For me, every time a resident transitions to permanent housing is a moment of joy, so witnessing Annie, Jorge, and Peter’s transition was brilliant. The teamwork and shared expectations that rendered their portraits made their transition more personal. I feel the politics, economy and ethos in our country tied to Western declarations of individualism, as an affront. These values are disturbing and unfair. They’re a romanticised ideal that does not capture the lived experiences of anyone in the US, and are particularly harmful to Annie Faye Wilson-Rodgers, J.L. Torres, and Peter (three artists in the exhibit who have transitioned to permanent housing). I feel honored to be a part of fortifying the social scaffolding and building community with these residents.
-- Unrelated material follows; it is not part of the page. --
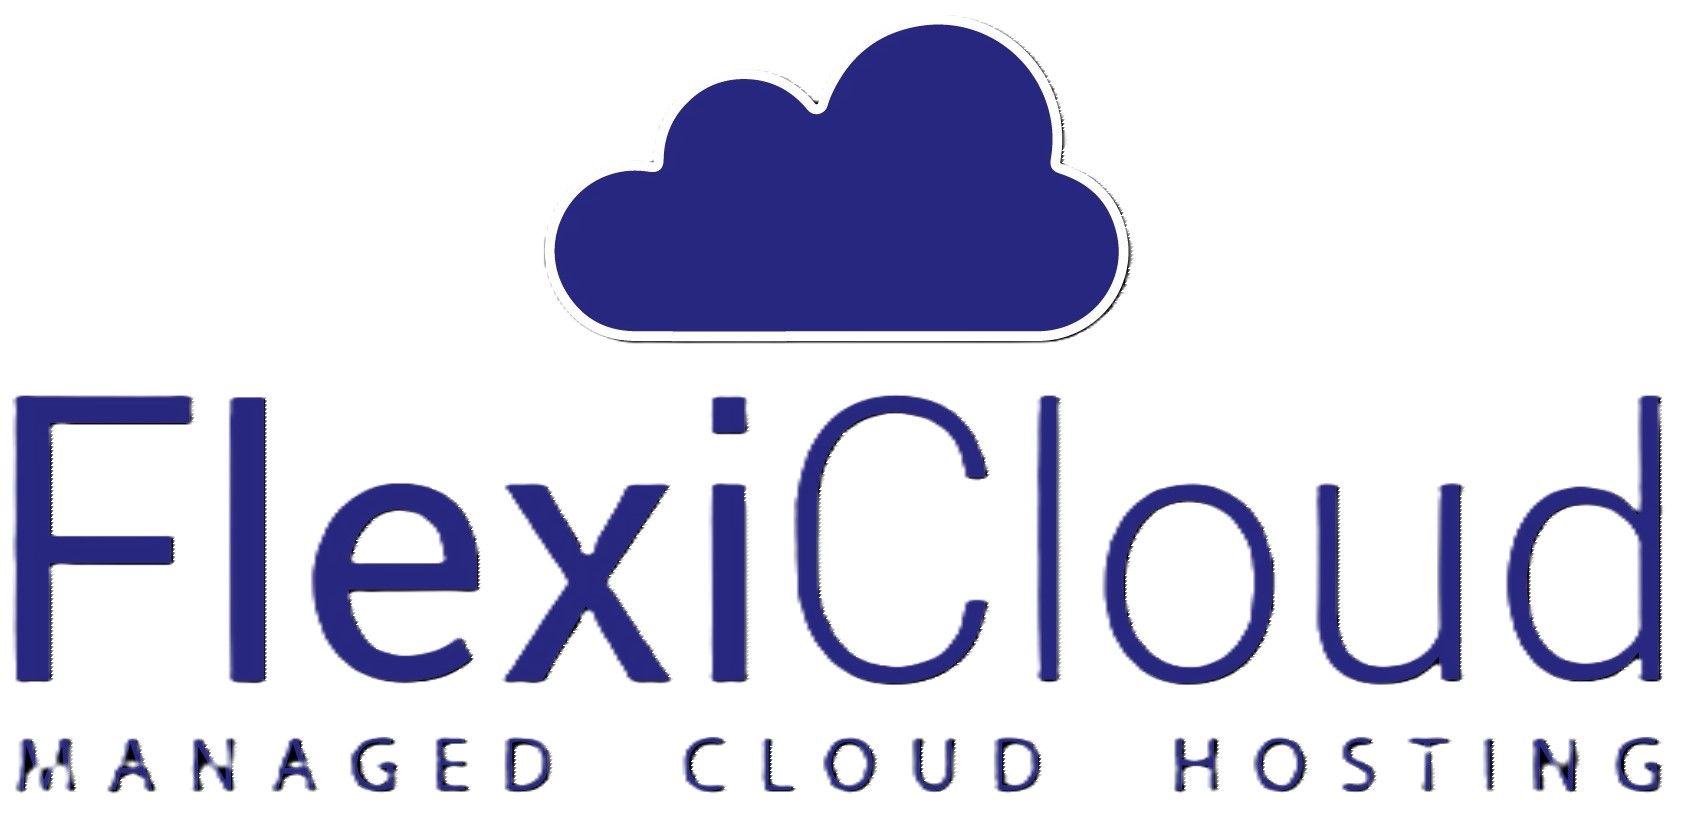 Hosting Provider FlexiCloud Internet Receives

Interdependent portraits promote the dignity of residents living at BronxWorks transitional housing facilities by weighing against the stereotypes of homelessness. Our face-to-face work ethic and value of each person’s contribution repeatedly stirs-up conversation that challenges the overinflated American dogma of self-reliance. What we are doing deflates aphorisms such as, ‘pull yourself up by your own boot straps.’ To emphasize our shared humanity, and to do so on such a large stage as the New-York Historical Society Museum, is imperative at a time when homelessness and the related stigma is increasing. As we finished up Annie's portrait she turned to me and said, "This artwork belongs in a museum. Where people can see it. People need to know we're ordinary people, going through a struggle."

BronxWorks is a group dedicated to helping Bronxites improve their economic and social wellbeing with diverse programs that feed, shelter, teach, and support over 60,000 community members. All of the documentation for each interdependent portrait is supported by signed release and consent of the participants. Art supplies for these portraits are generously donated by local businesses through the work of Materials for the Arts.